Friday, November 5, 2010

Chemo #1, from Kate

Yesterday, I went info the Chemo #1. Only 5 more to go, and I then I get to ring the big ship's bell - the clarion call to everyone in the clinic that that particular person has finished their last chemo session.  It rang while I was there, and it was a lovely sound...

However, I am not there yet. My body is at war internally with itself.

Once the chemicals had truly begun circling through the is what happened. I thumbed this out last night on the berry before falling into a heavily drugged sleep.

The muscles contract around my head as if to protect the neurons from onslaught.
A crushing tight band runs from mid back up spine and around jaw than around temples in a vice like grip. Blinding pain.
My abdomen is distended like a malnourished child full of gas and noxious chemicals and poison.
Today I have eaten pre-chemo a coffee and a quarter bagel and a really fucking good gluten free almond shortbread.
Post chemo a cup of tea, a whole wheat bagel with cream cheese and tomato.
Mike read the crossword clues to me to see if could focus, since I was beginning to feel naseated by looking at words.
And then I hit the wall. No actually then I hit a freezing cold plain of water from a great height head first with a slap and was left gasping from the bottom of the pool seeing my world and its players moving and talking as from a great distance. Wave after wave after wave of nausea. Like being on a boat in the perfect storm. A roiling pot. Some noises unbearable; reading insufferable; food, out of the question. Water, barely. Requiring a warm hand mine and a cold cloth on my head.
Today, a much much much better day. Astonishing, really. Learned to self-inject the white blood cell stimulant. Met some more staff at the hospital. Heard the news that it is not HER2 positive - but that is for another day. Had a 4 hour sleep, and a full supper of lovely home made shepherds pie. Happy to be able to focus on the words on  a page.

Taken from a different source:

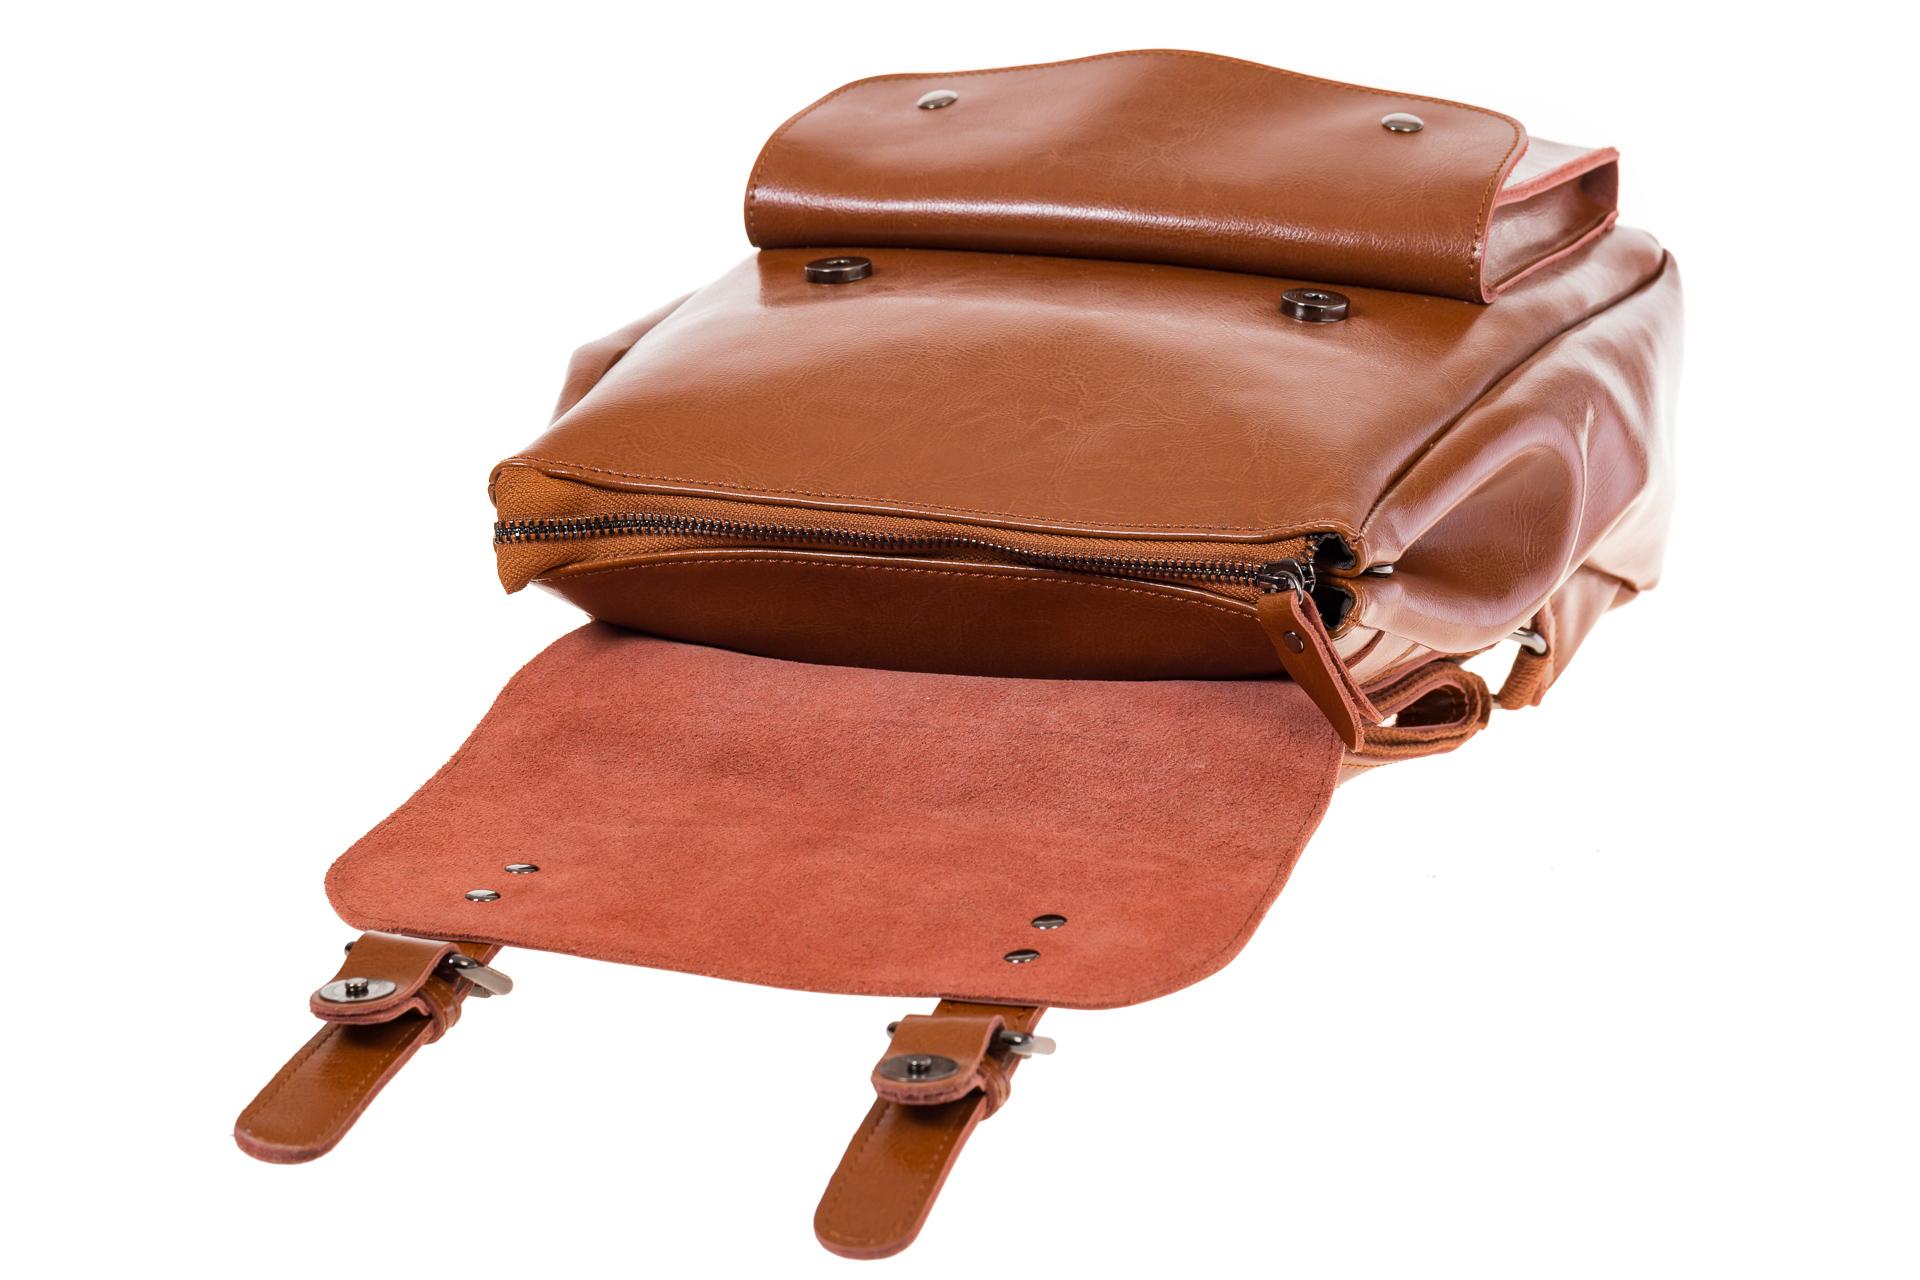 Купить оптом рюкзак из натуральной кожи с верхним клапаном, цвет коньячный, фото изнутри

Andy's advice yeterday, expect nothing good or bad to happen with the chemo, just take it as it comes. Tomorrow could also be terrible, I do not know. But I am very happen in my current now.

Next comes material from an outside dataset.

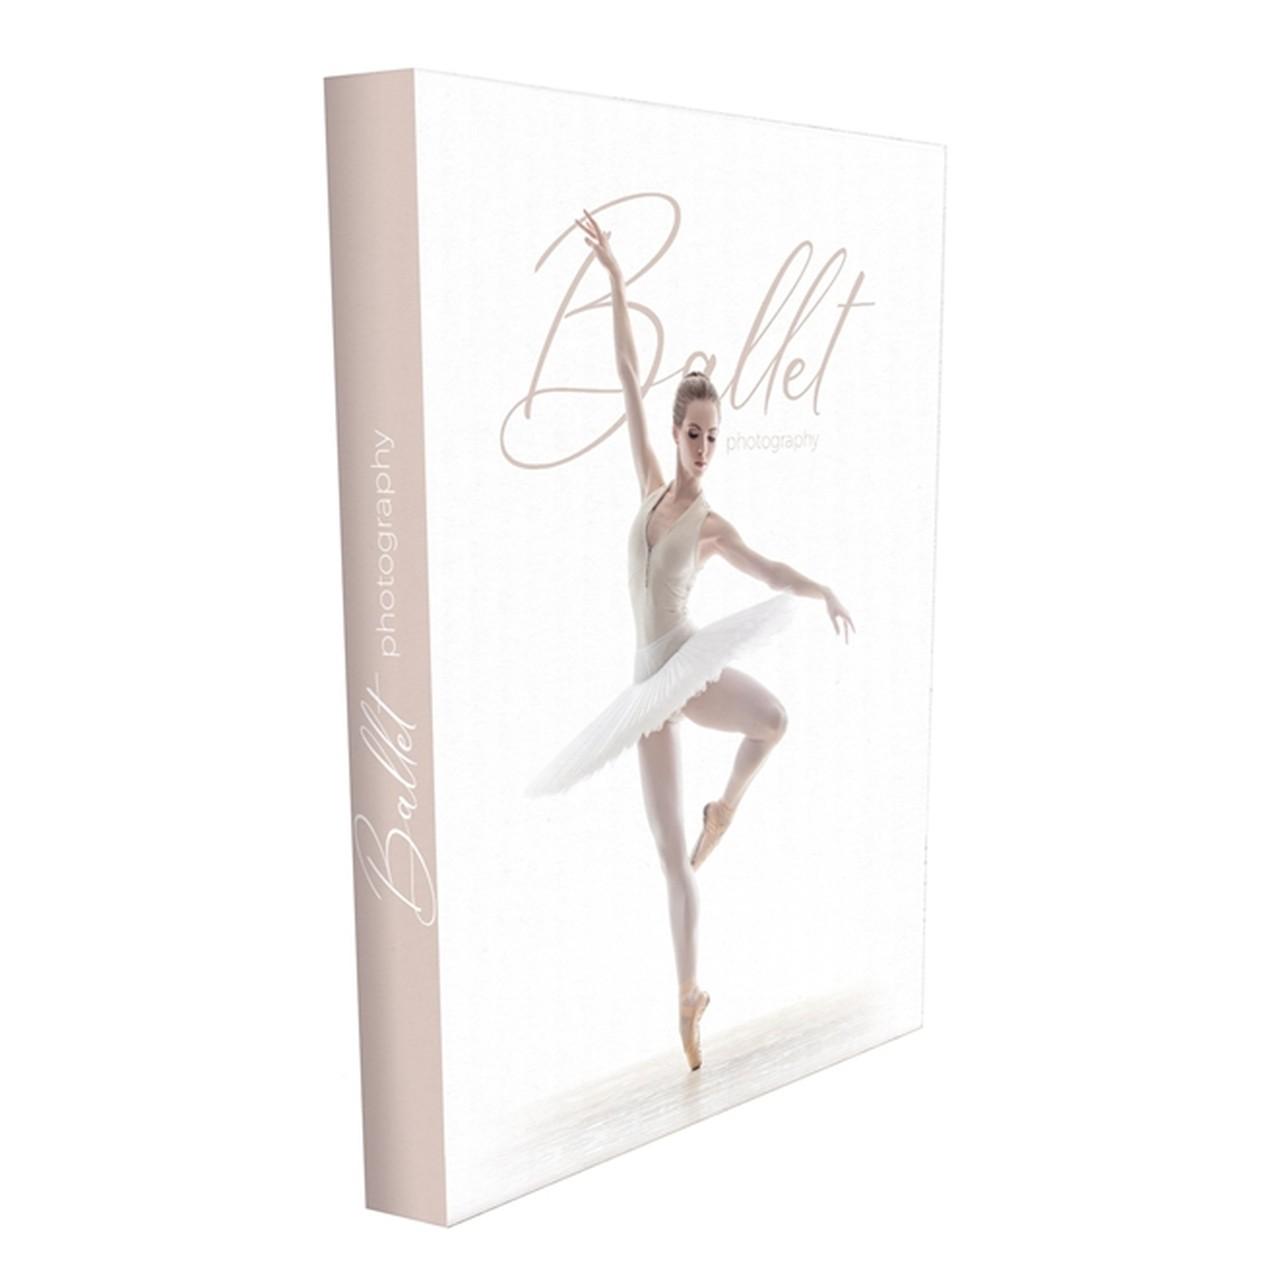 Caixa Livro Ballet Photografy

Tonight there are 26 wonderful women from my neighbourhood cooking for us together, at Supper Works. 3 meals each. To sustain me and my family and friends. WOW. We are amazed and exceedingly grateful for this gift. A lovely selfless thing to do.

As KD Lang says,

Love will not elude you, it is simple
I worship this tenacity and this beautiful struggle we're in

xo KO


Anonymous said...

hang in there Kate, am thinking of you.

Love terry

Anonymous said...

Supperworks was great, feeling so wonderful to be part of an incredible group of women - thinking of you lots tonight. xo


Anonymous said...

Hi Kate,
I'd have been at Supperworks in a flash - if only I could just flash across the Atlantic :-(
Sending you GREAT BIG, but gentle, VIRTUAL HUGS instead.
Lots of love from us all xxxxx

Anonymous said...

Kate, your writing is fantastic -- descriptive, colourful, and of course completely rude and irreverent. Missing you and sending you big hugs during this next stage, and wishing I could join you for "... a really fucking good gluten free almond shortbread...".